12th Vietnamese Mathematical Olympiad 1974 Problems

12th Vietnamese Mathematical Olympiad 1974 Problems

A1.  Find all positive integers n and b with 0 < b < 10 such that if a_n is the positive integer with n digits, all of them 1, then a_2n - b a_n is a square.  

A2.  (1) How many positive integers n are such that n is divisible by 8 and n+1 is divisible by 25?
(2) How many positive integers n are such that n is divisible by 21 and n+1 is divisible by 165?
(3) Find all integers n such that n is divisible by 9, n+1 is divisible by 25 and n+2 is divisible by 4.

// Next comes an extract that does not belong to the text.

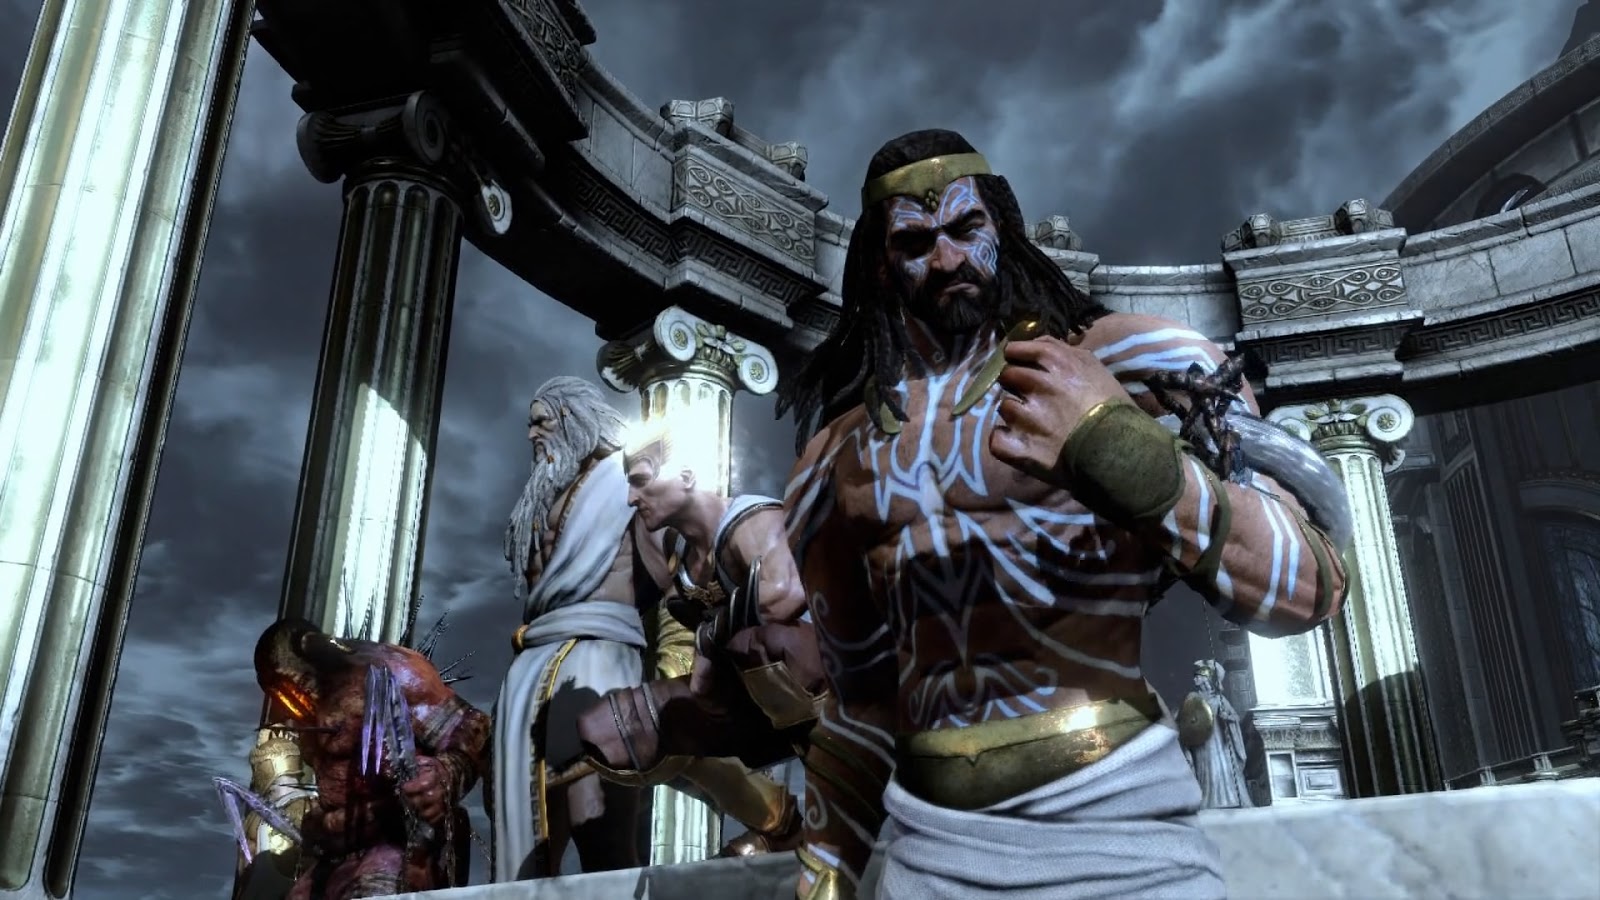 god of war 3 for pc

B1.  ABC is a triangle. AH is the altitude. P, Q are the feet of the perpendiculars from P to AB, AC respectively. M is a variable point on PQ. The line through M perpendicular to MH meets the lines AB, AC at R, S respectively. Show that ARHS is cyclic. If M' is another position of M with corresponding points R', S', show that the ratio RR'/SS' is constant. Find the conditions on ABC such that if M moves at constant speed along PQ, then the speeds of R along AB and S along AC are the same. The point K on the line HM is on the other side of M to H and satisfies KM = HM. The line through K perpendicular to PQ meets the line RS at D. Show that if ∠A = 90^o, then ∠BHR = ∠DHR.  

B2.  C is a cube side 1. The 12 lines containing the sides of the cube meet at plane p in 12 points. What can you say about the 12 points?

Solution

12th VMO 1974

Problem A2

Find all positive integers n and b with 0 < b < 10 such that if a_n is the positive integer with n digits, all of them 1, then a_2n - b a_n is a square.

Answer

b = 2 works for any n
b = 7 works for n = 1

Solution

a_n = (10ⁿ-1)/9, so we need 10²ⁿ - b10ⁿ + (b-1) to be a square. For b = 2, this is true for all n. Note that (10ⁿ - c)² = 10²ⁿ - 2c10ⁿ + c², so if b = 2c, we need c² = b-1 = 2c - 1 and hence c = 1. So b = 4, 6, 8 do not work. Equally 10²ⁿ > 10²ⁿ - 10ⁿ > (10ⁿ - 1)² = 10²ⁿ - 2·10ⁿ + 1, so it cannot be a square for b = 1. Similarly, (10ⁿ - 1)² = 10²ⁿ - 2·10ⁿ + 1 > 10²ⁿ - 3·10ⁿ + 2 > 10²ⁿ - 4·10ⁿ + 4 = (10ⁿ - 2)², so b = 3 does not work. Similarly, (10ⁿ - 2)² = 10²ⁿ - 4·10ⁿ + 4 > 10²ⁿ - 5·10ⁿ + 4 > 10²ⁿ - 6·10ⁿ + 9 = (10ⁿ - 3)², so b = 5 does not work. Similarly, (10ⁿ - 3)² = 10²ⁿ - 6·10ⁿ + 9 > 10²ⁿ - 7·10ⁿ + 6 > 10²ⁿ - 8·10ⁿ + 16 = (10ⁿ - 4)² for n > 1, so b = 7 does not work, except possibly for n = 1. Since 11 - 7 = 2², b = 1 does work for n = 1. Finally, (10ⁿ - 4)² = 10²ⁿ - 8·10ⁿ + 16 > 10²ⁿ - 9·10ⁿ + 8 > 10²ⁿ - 10·10ⁿ + 25 = (10ⁿ - 4)² for n > 1, so b = 9 does not work, except possibly for n = 1. It is easy to check it does not work for n = 1.